And manufacturers can now operate without special permits or without being hampered by closed-loop conditions.
But a few reliable sources said that the city’s reopening would not be “the same as turning on the lights”.
It will take weeks, if not months, to come back to anything considered normal for the industrial output volumes, and then the shipping container volumes.
Shanghai would remain a “high-risk area, with limitations and controls for trucks to get in and out of the city,” thereby keeping a cap on available trucking capacity, which has been the biggest logistical challenge throughout the crisis.
Ocean carrier schedules will gradually return to normal in June. However, with all factories re-opened, the volumes are expected to increase gradually, especially from the middle of June onward.
As for airfreight, the export volume will build up very quickly, and the market will become very dynamic in June.

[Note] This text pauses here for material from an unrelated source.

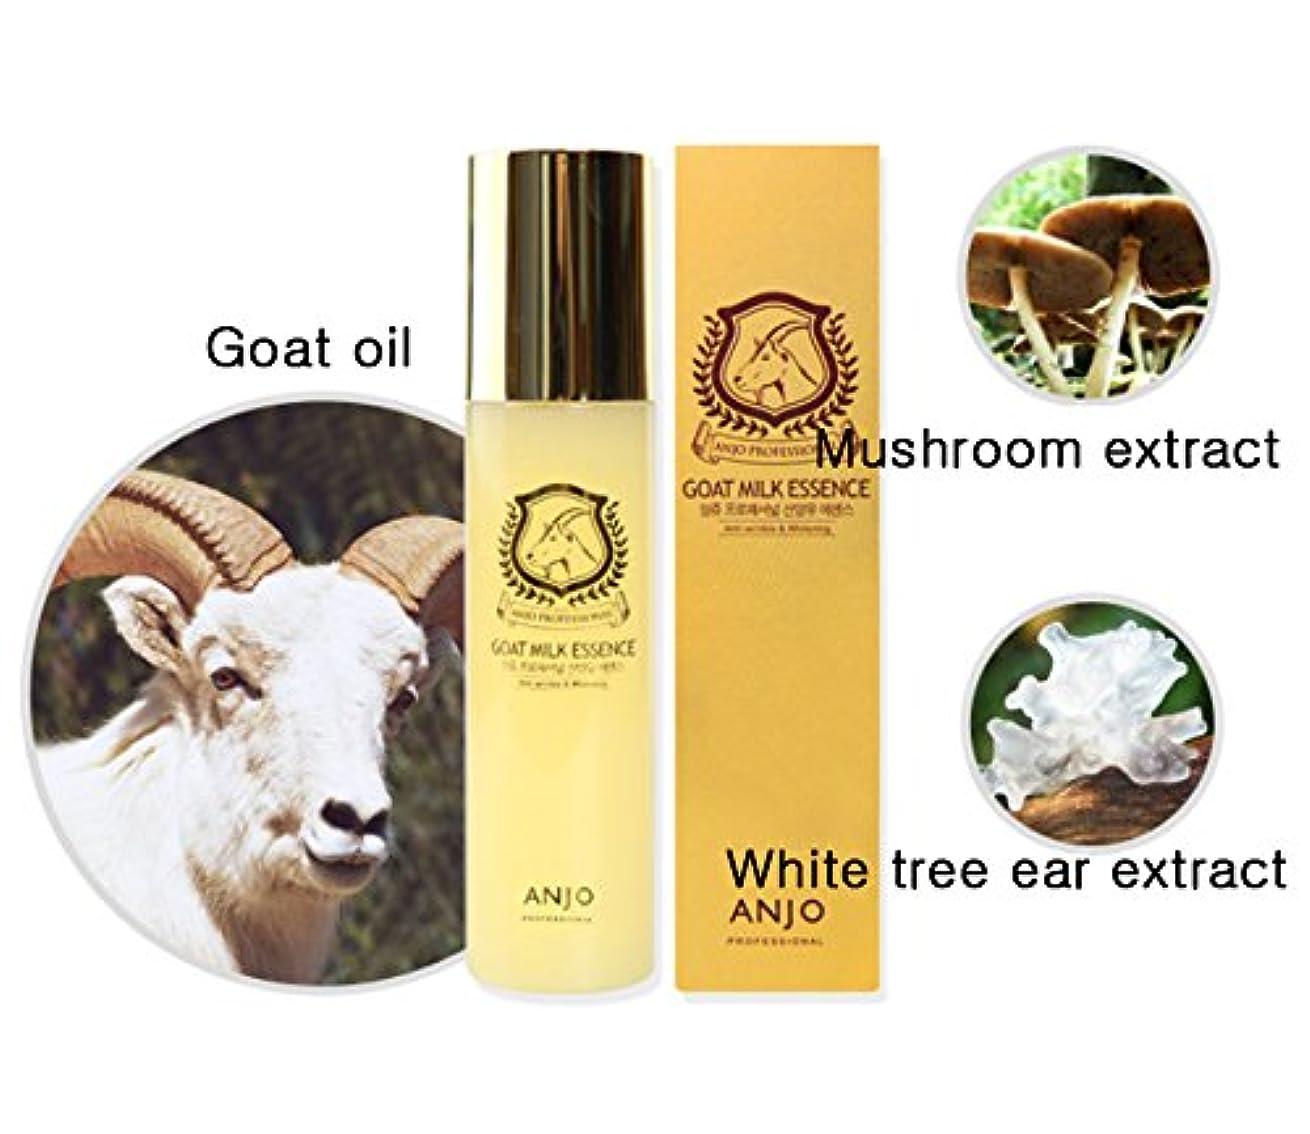 請求テスト怒って[ANJO] ヤギミルクエッセンス150ml /ミネラルウォーター/ホワイトニング、保湿、スキンケア / Goat Milk Essence 150ml / Mineral Water / Whitening, Moisturizing, Skin improvement / 韓国化粧品 / Korean cosmetics [並行輸入品]

Indeed, common sentiment has been that a sudden glut of cargo would flood the market post-lockdown, as factories play production catch-up.
For example, the Chief representative at the Delegation of German Industry and Commerce in Shanghai, noted on social media: “For the value chains to be fully restored to a pre-lockdown level, it will still take some more weeks for sure.
We can also expect increased congestion on the port, as with the weeks coming, all companies want to ship their goods out as well as receive their goods, all at the same time.
Uncertainty remains high as no one knows if this could repeat any time, as soon as a new wave hits China.
Furthermore, the latest Shanghai port data from FourKites shows the so-called bullwhip effect is yet to materialize. It said throughput decreased over the past week, with the 14-day average ocean shipment volume down 17% when compared to 12 March, when the lockdown began.
When Shanghai shut down, other Chinese ports picked up some of that volume. It is unlikely that there is a massive backlog of cargo waiting to depart and, instead, we will see a quick spike in volume, but it will quickly return to normal levels.
Already, companies [in the west] have been carrying extra inventory to brace for ongoing and future disruptions. As publicly traded companies release quarterly earnings, this will be noticeable within their inventory costs for Q2.
Order volumes will have a longer lag than usual, given this approach to have more inventory on hand now to fulfill orders that will occur in the near term. This is driven by Shanghai, inflation, the US west coast labour agreement and companies getting into peak summer seasons.